» **Exercise instructions**: The lines to return run from the one containing "Design Inspiration: Creative" through the end of the material; give them exactly and leave out the pictures.

» **Provided material**:
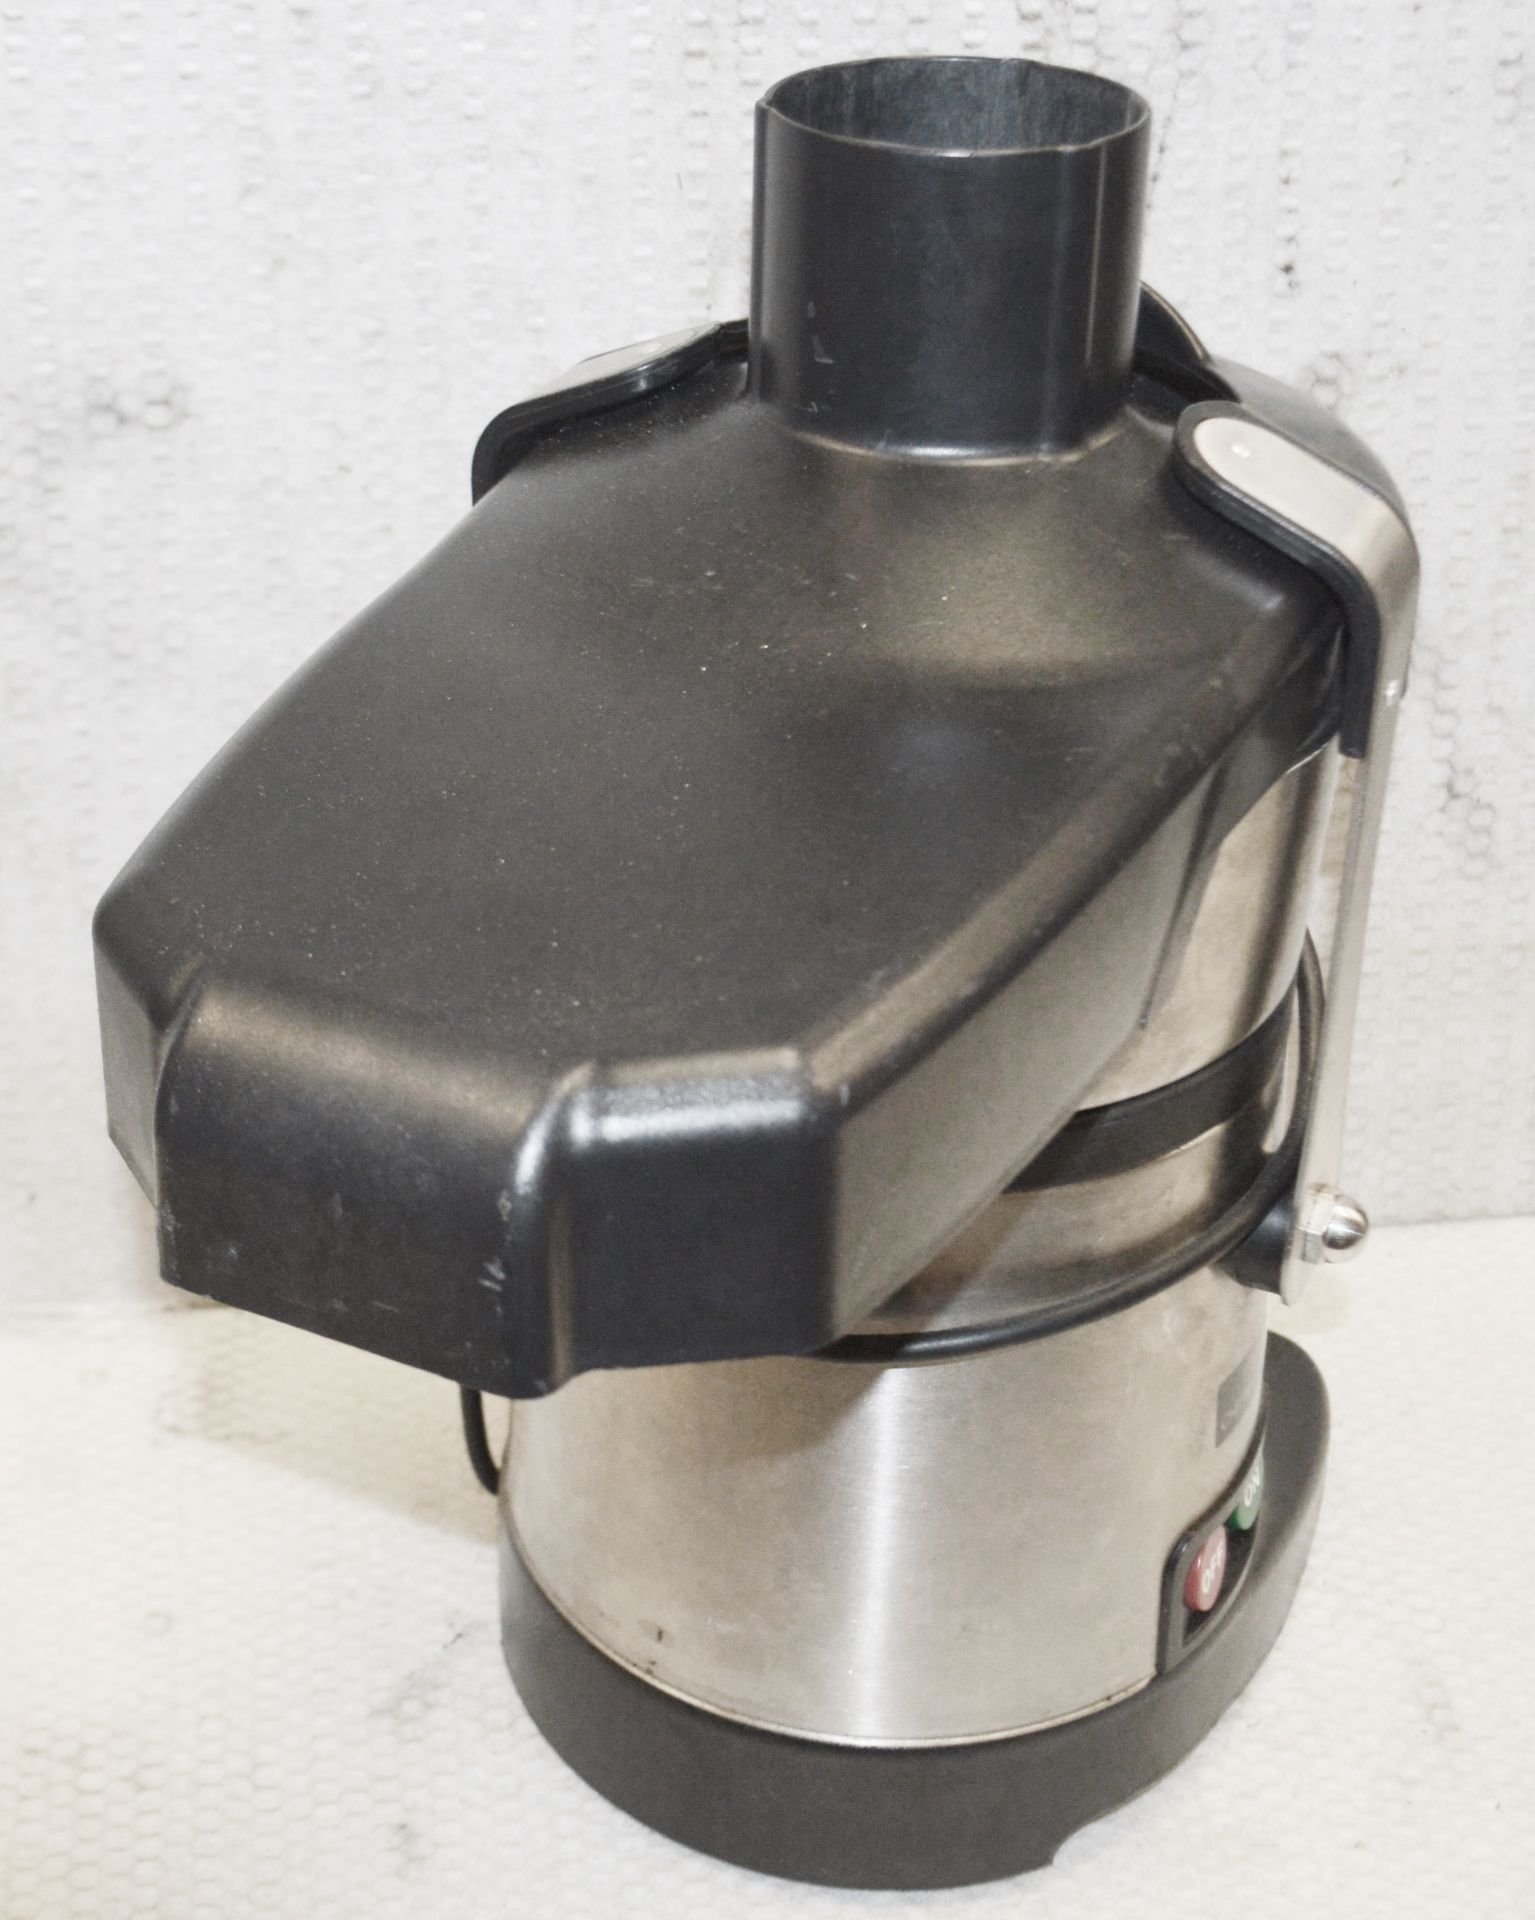 1 x Chef Master Automatic Juicer - Recently Removed From A Commercial Restaurant Environment - CL011 - Image 10 of 13
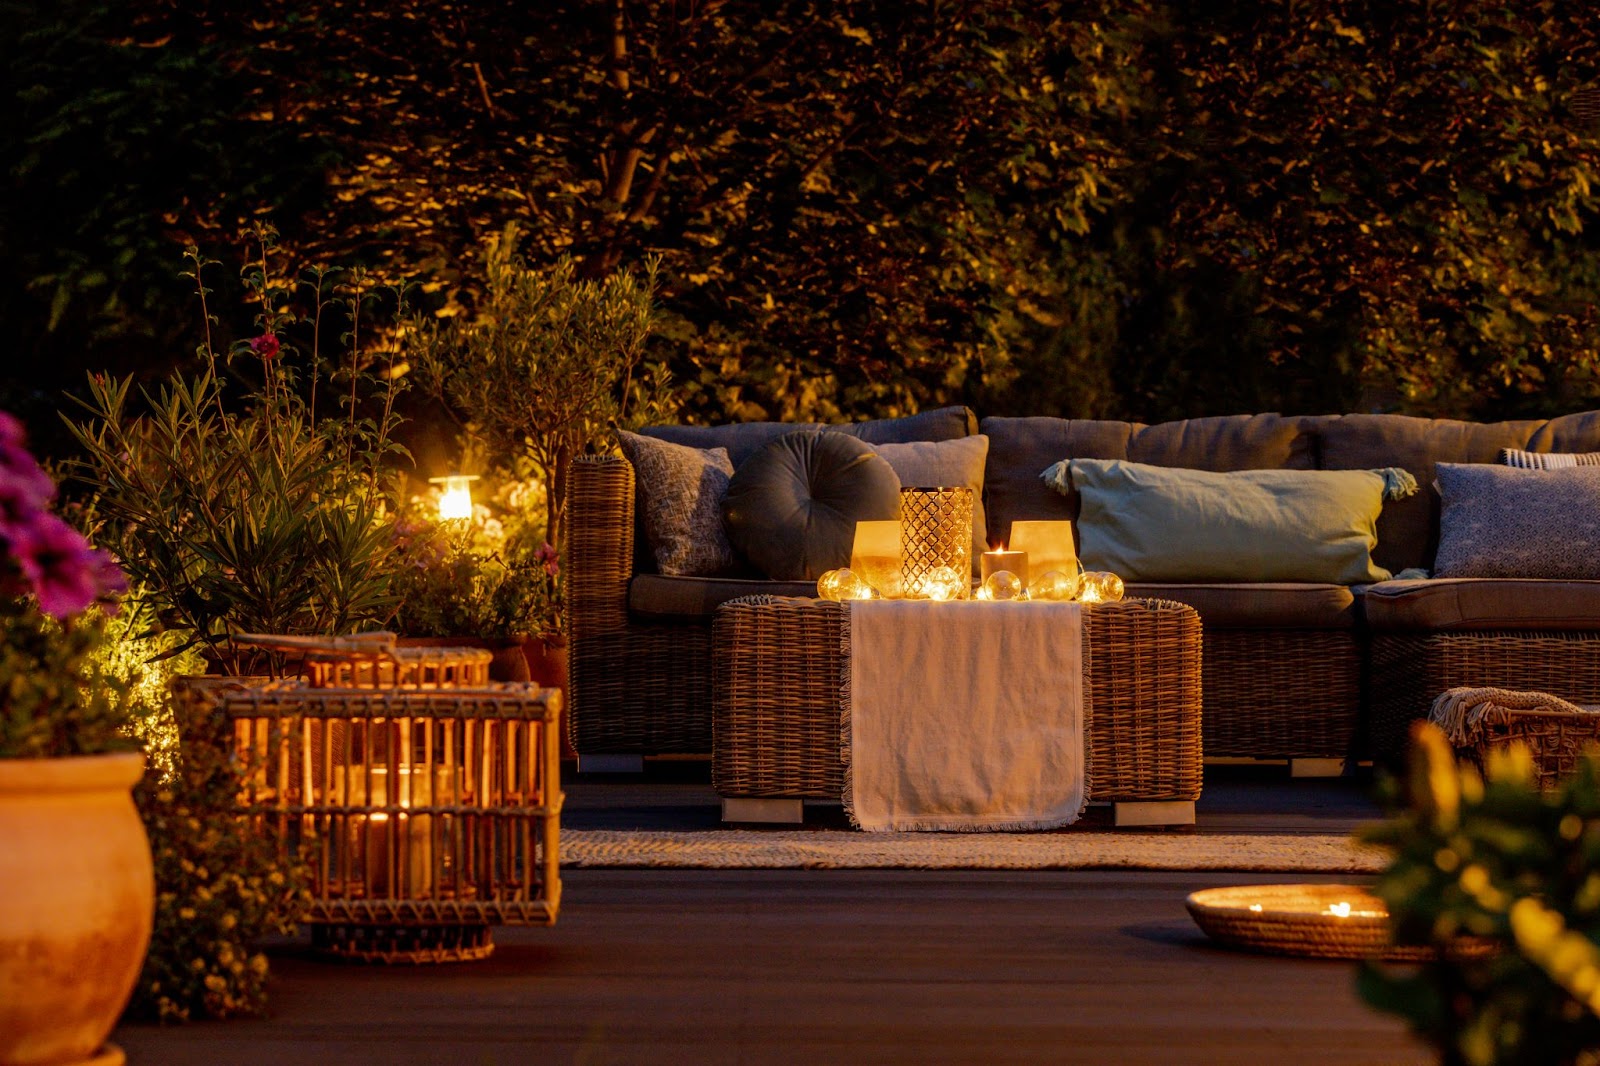 Design Inspiration: Creative Ideas for Your Patio Space
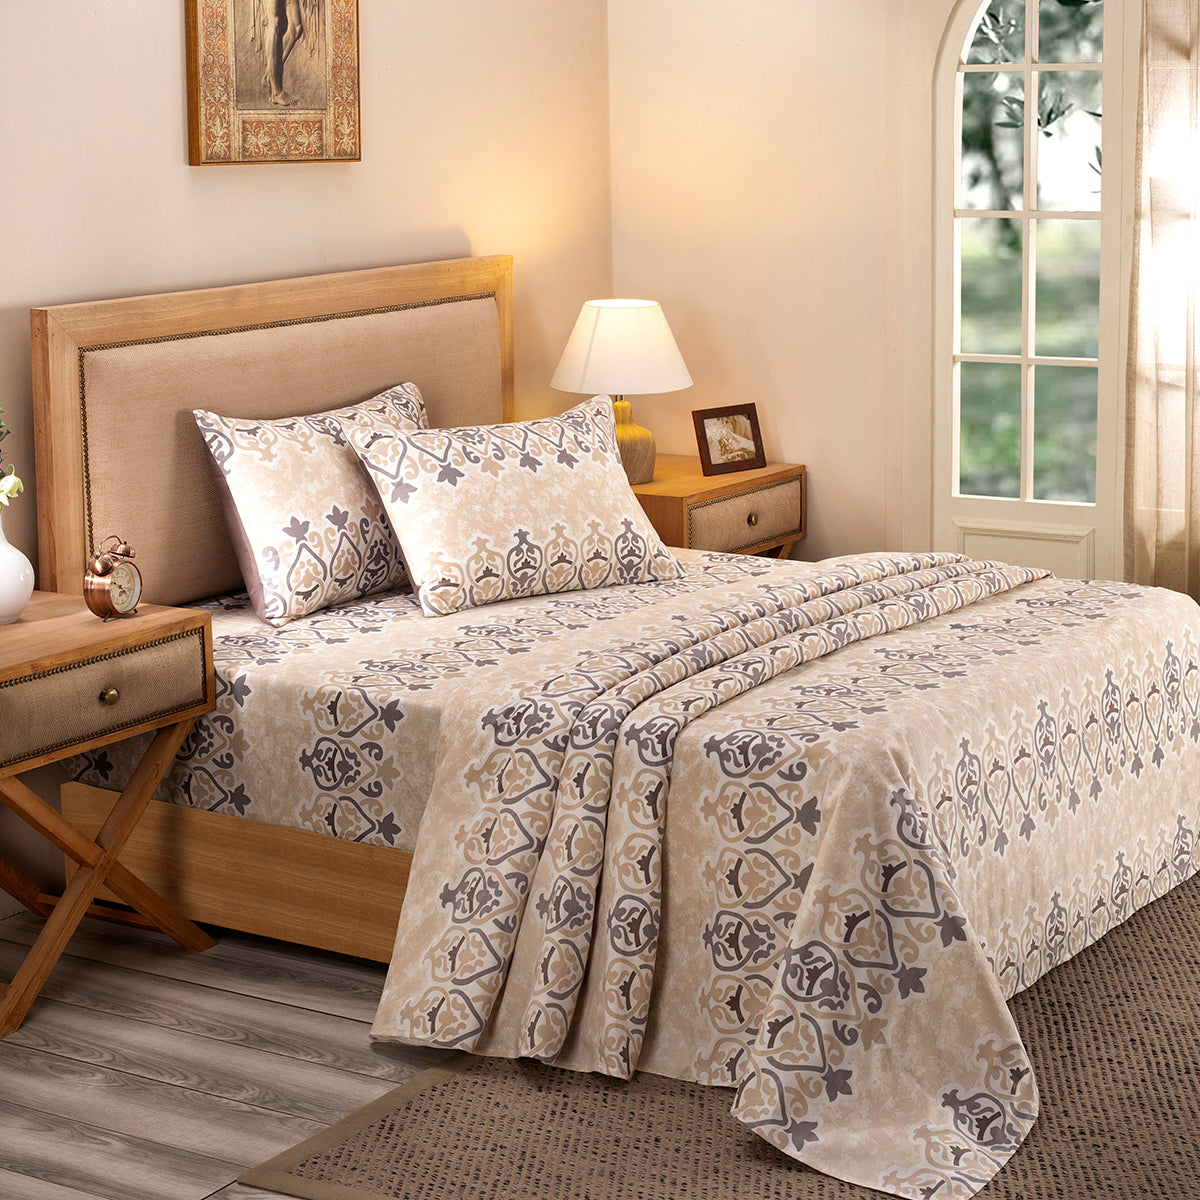 Nouveau Tradition Kaleen Global Neutral Bed Sheet

» **Exercise solution**:
 Design Inspiration: Creative Ideas for Your Patio Space
 Nouveau Tradition Kaleen Global Neutral Bed Sheet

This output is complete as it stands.